» DIRECTIONS FOR THIS TASK: For the entries below, the result should be an exact transcription of the lines from the one with "Gator Frameworks Elite" up to and including the one with "Portrait of Edith", and only those.

» EXERCISE DATA:

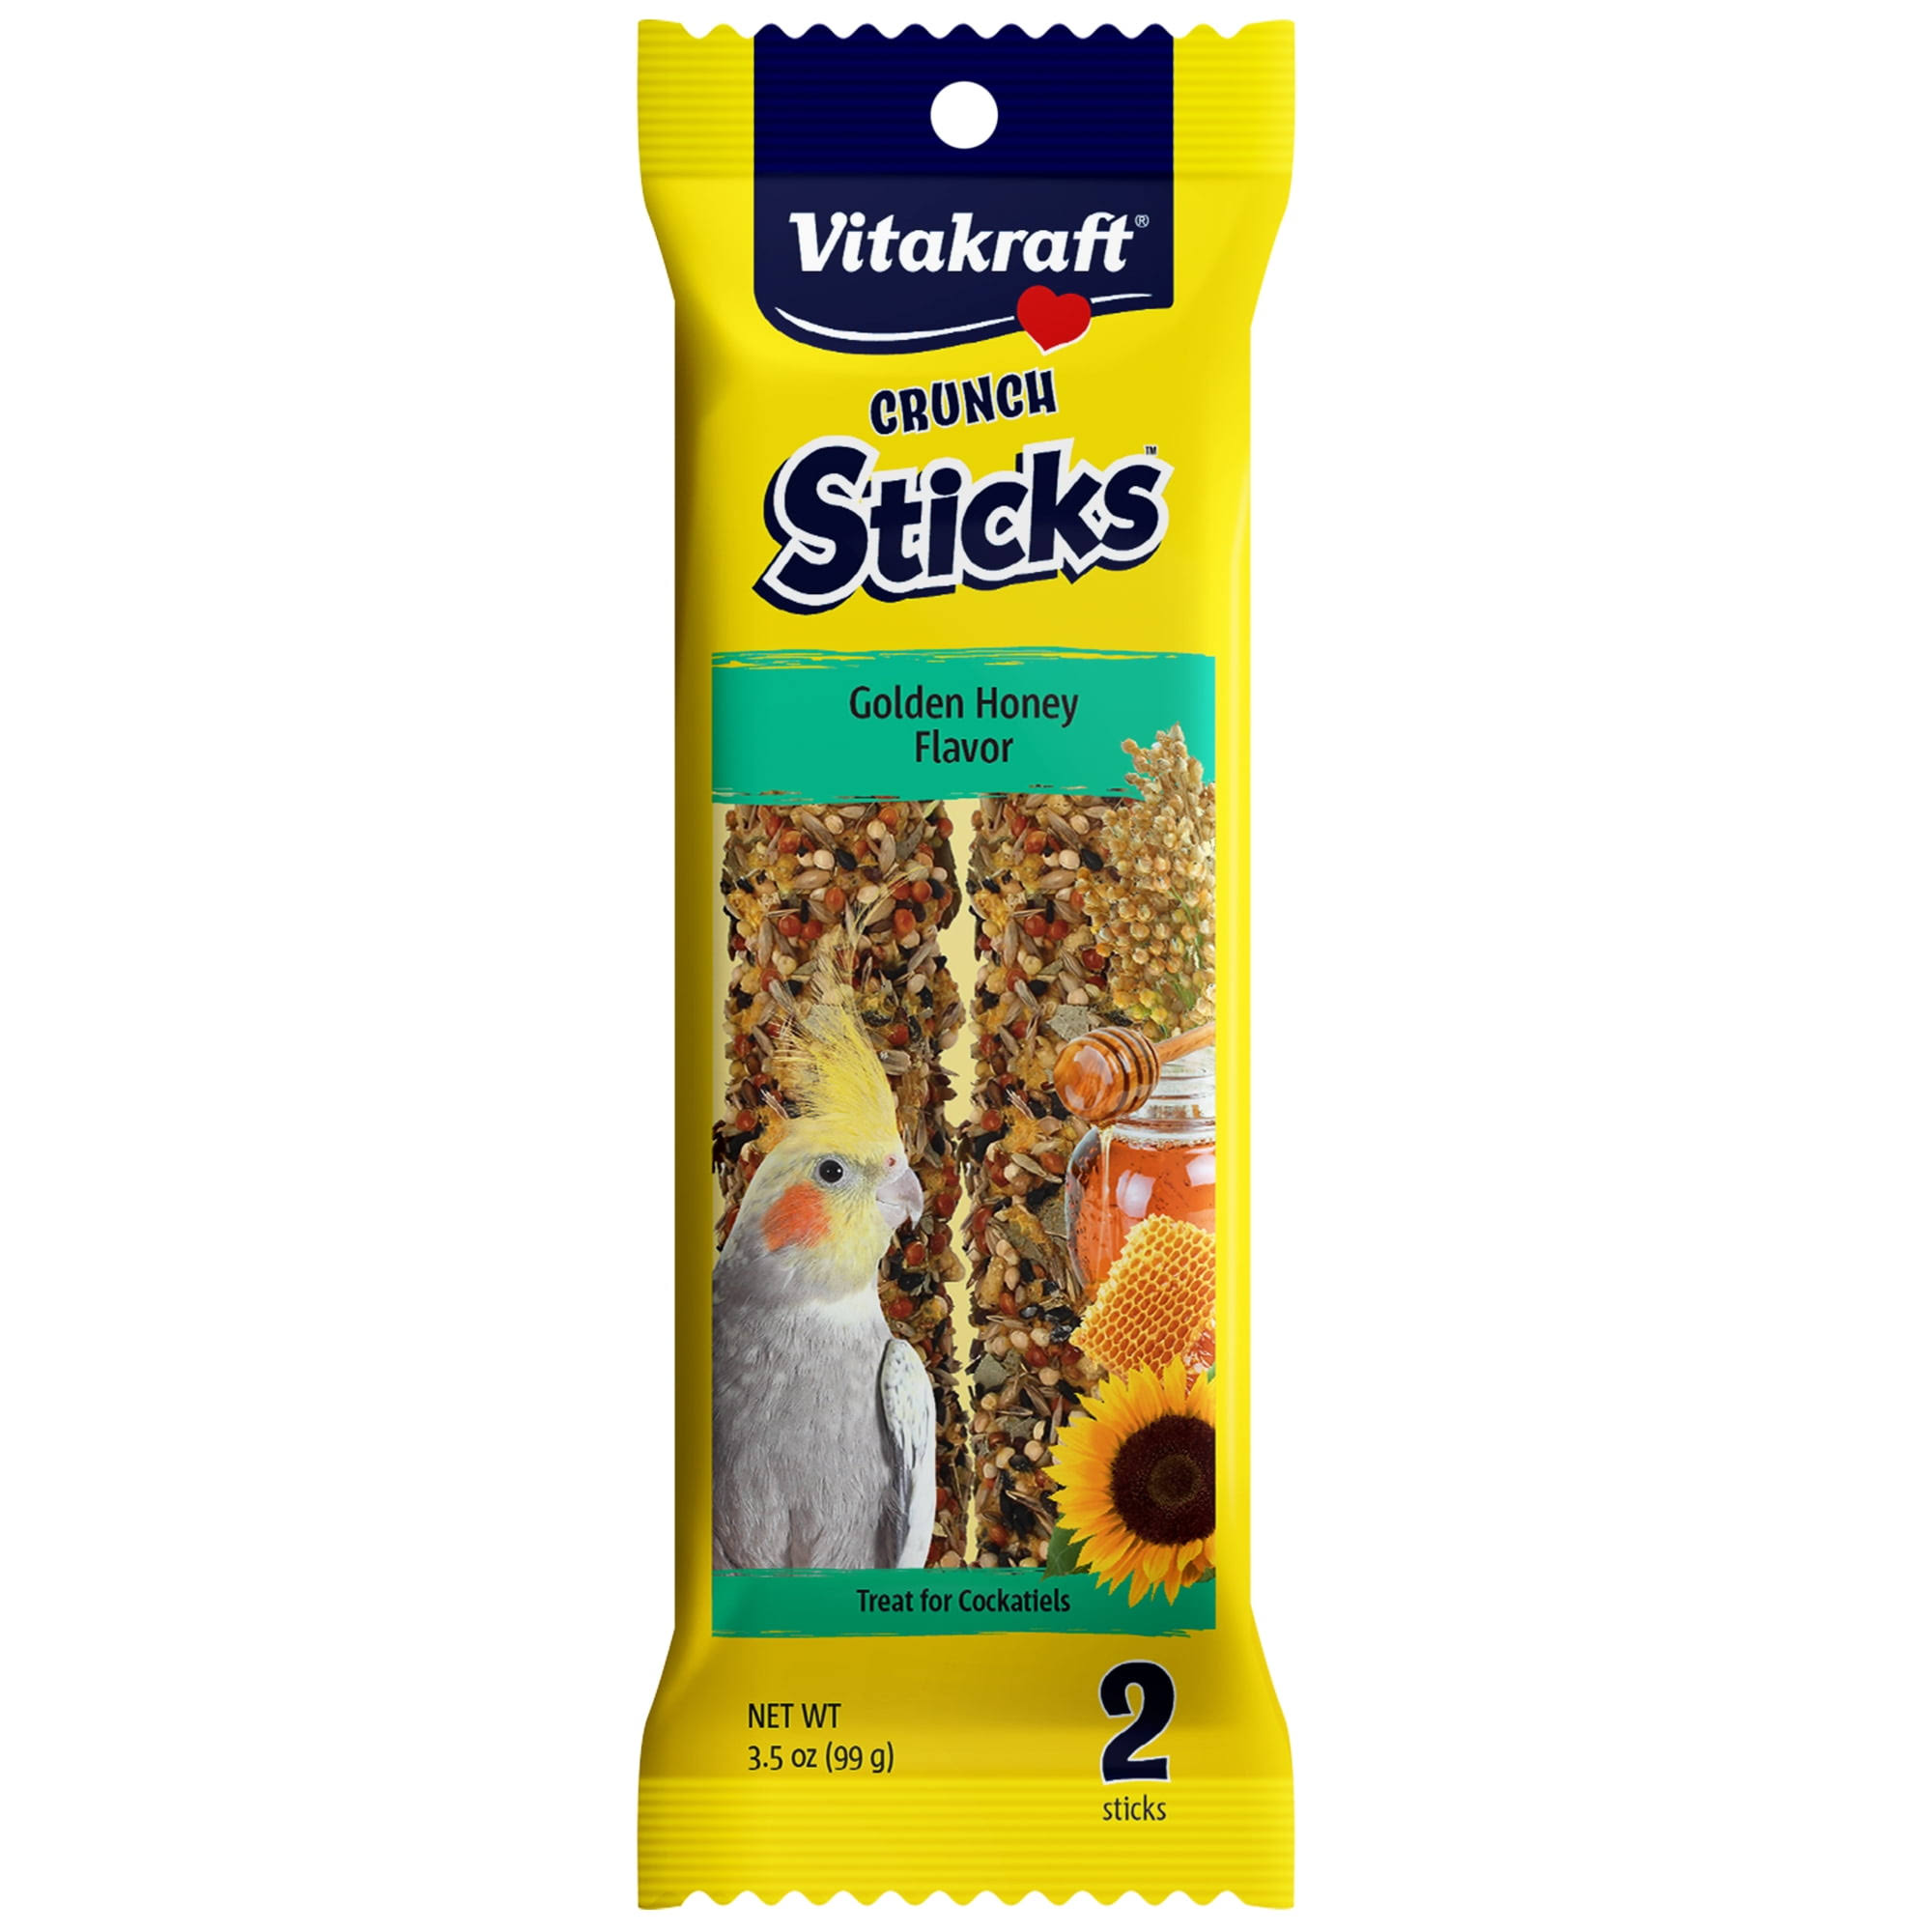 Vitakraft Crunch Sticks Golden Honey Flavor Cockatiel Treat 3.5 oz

...

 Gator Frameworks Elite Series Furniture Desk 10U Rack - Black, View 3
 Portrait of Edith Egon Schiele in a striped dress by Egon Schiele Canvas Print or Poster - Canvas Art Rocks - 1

» RESULT:
 Gator Frameworks Elite Series Furniture Desk 10U Rack - Black, View 3
 Portrait of Edith Egon Schiele in a striped dress by Egon Schiele Canvas Print or Poster - Canvas Art Rocks - 1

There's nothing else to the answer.